A seminar on ‘Urban Naxalism- The Invisible Enemy’ was conducted in Hansraj College on 24th August by ‘Group of Intellectuals and Academicians (GIA)’. The seminar was attended by 500 people in a packed auditorium. It had filmmaker Vivek Agnihotri as the chief speaker, ABVP national organising secretary Sunil Ambedkar as chief guest, and Supreme Court advocate Monika Arora as keynote speaker.
The seminar started with a choir singing ‘Vande Mataram’ and the ceremonial lamp lighting by the guests. A representative of GIA highlighted the motto and the achievements of GIA since its inception.
Mr. Abhijit Majumdar, the editor of Mynation.com, demanded that textbooks should start calling Mao as a mass murderer. He stressed that there should be revamping of education system and reclamation of space to set the right kind of narratives. He criticized Dr. GN Saibaba for his links with Maoists.

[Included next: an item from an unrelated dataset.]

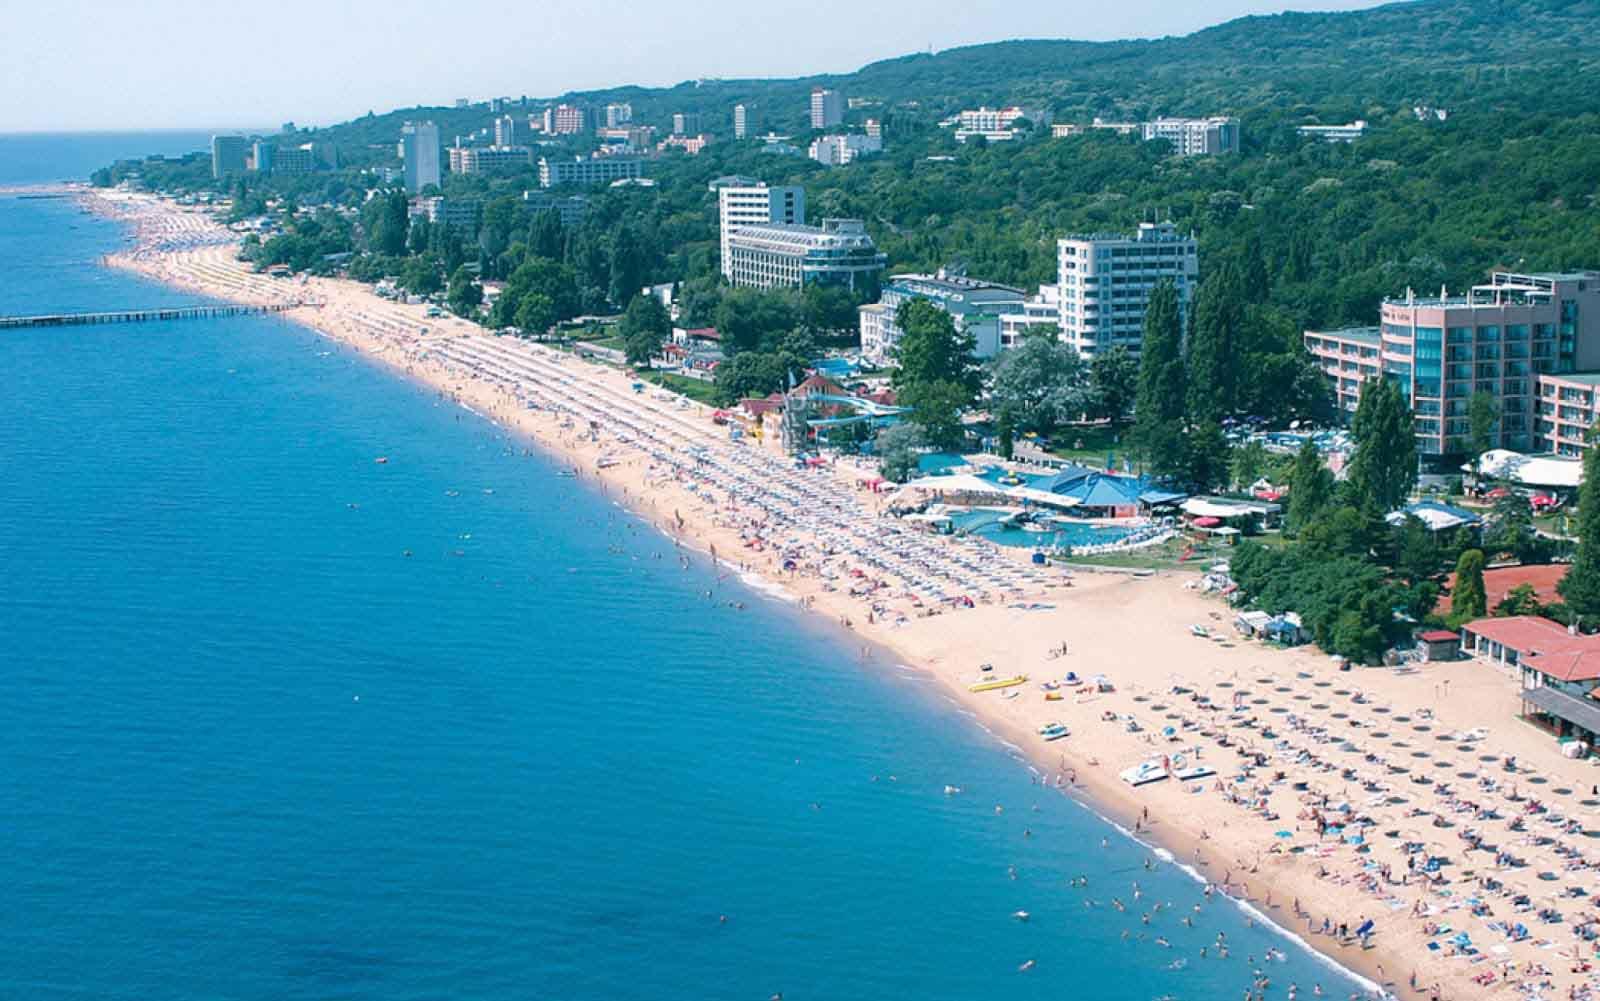 Sunny beach солнечный берег

Advocate Monica Arora, the convener of GIA was the next speaker in the lineup. She condemned the events at the JNU campus on the night of 9th February. She discussed the poster of the same night. “Ek zor lagana hai, inko poora nikaalne keliye… Kerala, media aur JNU mein hi toh baaki hain (We need to use force to throw them out…Rest are in Kerala, media, and JNU),” she said.
“Whatever happened in JNU in 2016 was problematic but one good thing happened — it exposed people with communist ideology hidden within the film industry, journalism, and universities. They had been working as sleeper cells” said Mr. Sunil Ambekar.
Dr. A K Bhagi, President of the National Democratic Teachers Front in DU highlighted the cases where Naxalism has been included in the curriculum as social movements.
“Islamist fundamentalist forces in the west and the communist forces in the east are trying to break India. After Independence, the minds of Indians have been colonised strategically”, said the chief speaker at the event, Mr. Agnihotri. He categorically highlighted that the idea of an empowered woman has been largely skewed by the left intelligentsia. He pressed that India will emerge as a superpower despite several challenges.
One thing that didn’t go down well with the students was the act of not taking questions at the end of the seminar. Students were not given a chance to engage with the panelists.
Mrs. Arora, who is the convenor of GIA, while talking to the DU Beat correspondent, highlighted the need of organising such seminars. She informed that GIA wishes to emerge as a questioning sane voice in a charged socio-political atmosphere.
The seminar drew its curtain with National Anthem being sung by the audience together which was followed by high tea.